How do I convert this efficiently into the alpha texture I need to plug into the texturing pipeline? Keep in mind that there is no programmable pipeline (shaders) and only two texture units available on the iPhone.

Update: A and B are RGB-only textures, ie no alpha.

+5  A: 

Given that textures A and B are RGB images, then perhaps you can make one of them into an RGBA image, and render the mask in the alpha channel of one image. This gets you within the iPhone's limit of two texture units, allowing you to do this in one pass, without blending.

GLSL pseudocode:

vec4 a = texture2D(textureA, texcoord);
vec4 b = texture2D(textureB, texcoord);
gl_FragColor = vec4(a.rgb * a.a + b.rgb * (1-a.a), dont_care.a);

Texture Environment for Unit 0: (samples RGB image B, and passes it on to the next stage)

glActiveTexture(GL_TEXTURE0);
glBindTexture(GL_TEXTURE_2D, textureB);
glTexEnvi(GL_TEXTURE_ENV, GL_TEXTURE_ENV_MODE, GL_REPLACE);

Texture Environment for Unit 1: (image B are available in Cp and 'Ap' source. A is available in 'Cs'. Mask is available in 'As'. see Table 3.15 in the GL spec).

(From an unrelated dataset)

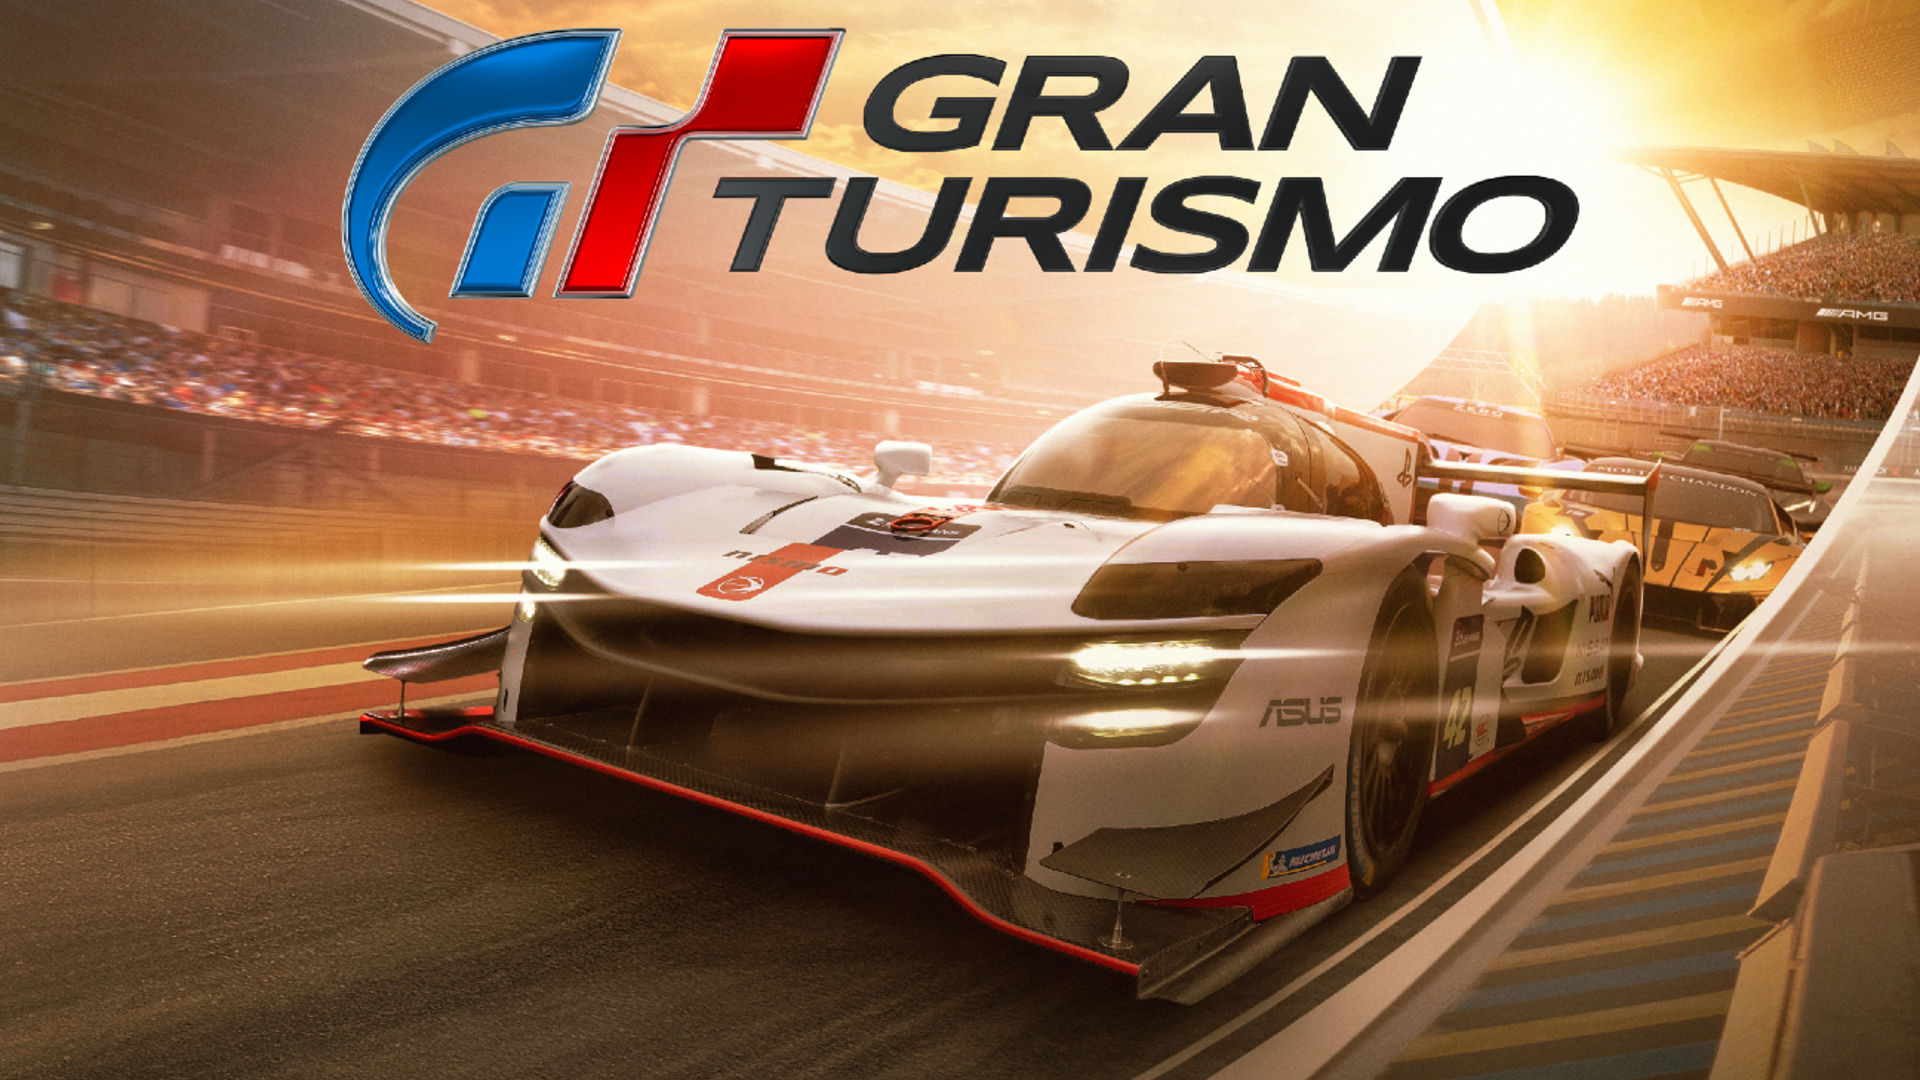 This Is When The Gran Turismo Movie Premieres In Malaysia

glActiveTexture(GL_TEXTURE1);
glBindTexture(GL_TEXTURE_2D, textureA);
glTexEnvi(GL_TEXTURE_ENV, GL_TEXTURE_ENV_MODE, GL_DECAL);

Read section 3.7.12 Texture Environments and Texture Functions in the OpenGL ES 1.1 spec for full information.

To actually render your scene into the alpha channel of the image, it may be helpful to use glColorMask(), to allow writing to only the alpha channel. How you actually get the data into that channel really depends on exactly what you're drawing to generate that mask.

Frogblast
Awesome post. Was thinking of doing something like that.Neither A nor B has an alpha channel.How can I "render C into the unused alpha channel of one image"?